JIM is indexed/abstracted in: MEDLINE/PubMed, ScienceDirect, Emerging Sources Citation Index (ESCI), Scopus, Embase, Chemical Abstracts (CA), CAB Abstracts, EBSCO, WPRIM, JST China, Chinese Science Citation Database (CSCD), and China National Knowledge Infrastructure (CNKI).
JIM Editorial Office uses ThomsonReuters ScholarOne Manuscripts as submitting and review system (submission link: http://mc03.manuscriptcentral.com/jcim-en).
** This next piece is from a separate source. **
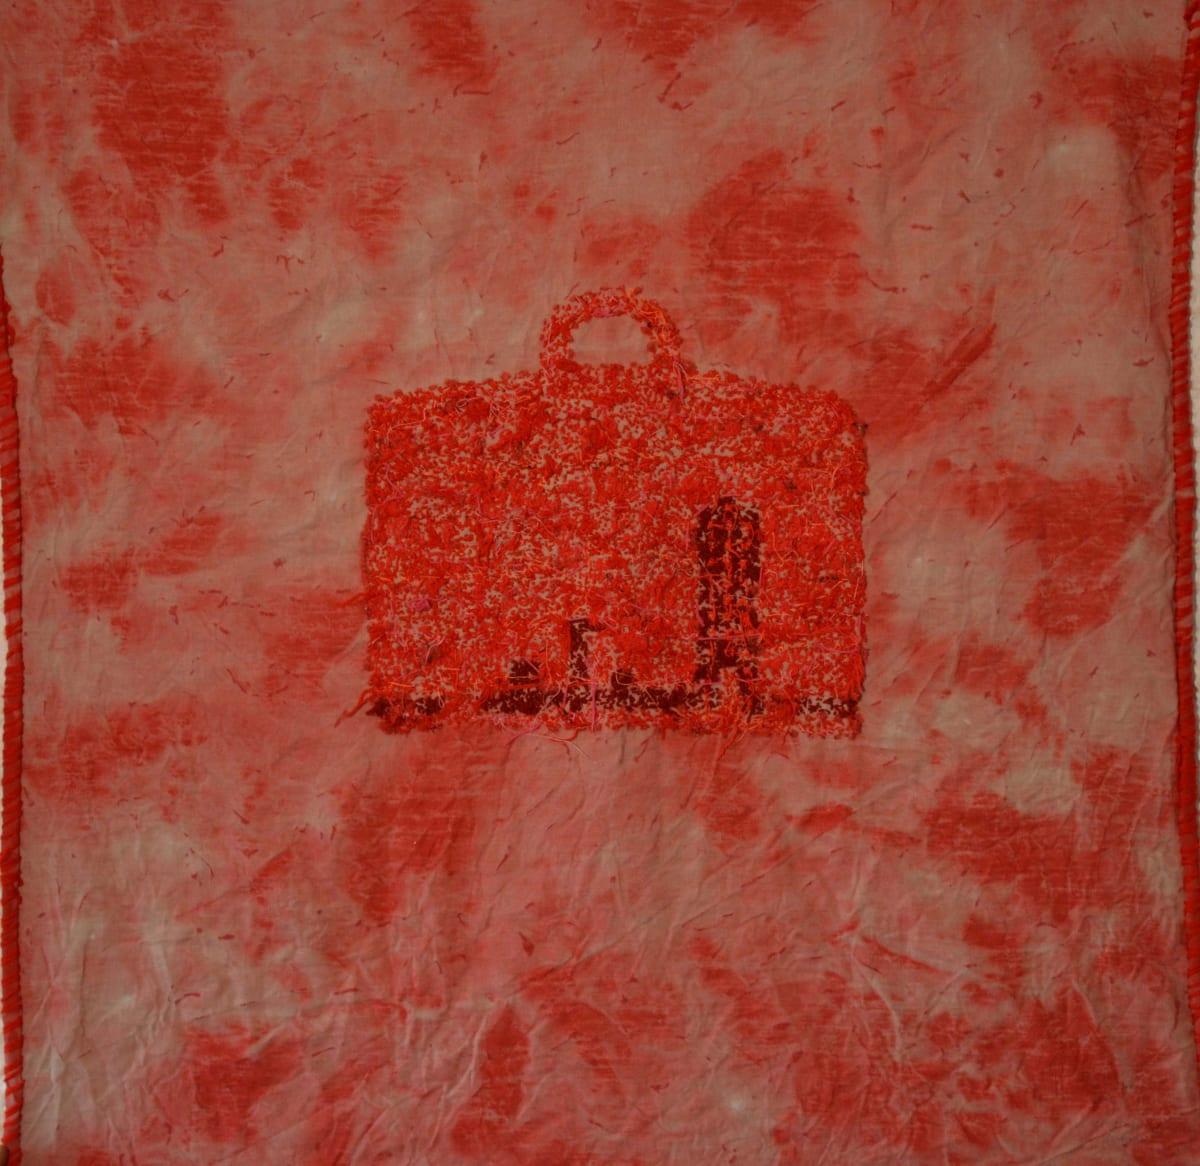 Stephen Eastaugh Impedimental Baggage (Vietnam) acrylic, thread, linen 140 x 140 cm

JIM is published bimonthly. Manuscripts submitted to JIM should be written in English. Article types include but are not limited to randomized controlled and pragmatic trials, translational and patient-centered effectiveness outcome studies, case series and reports, clinical trial protocols, preclinical and basic science studies, systematic reviews and meta-analyses, papers on methodology and CAM history or education, conference proceedings, editorials, commentaries, short communications, book reviews, and letters to the editor.
Our purpose is to publish a prestigious international journal for studies in integrative medicine. To achieve this aim, we seek to publish high-quality papers on any aspects of integrative medicine, such as acupuncture and traditional Chinese medicine, Ayurveda medicine, herbal medicine, homeopathy, nutrition, chiropractic, mind-body medicine, taichi, qigong, meditation, and any other modalities of CAM; our commitment to international scope ensures that research and progress from all regions of the world are widely covered. These ensure that articles published in JIM have the maximum exposure to the international scholarly community.
JIM can help its authors let their papers reach the widest possible range of readers, and let all those who share an interest in their research field be concerned with their study.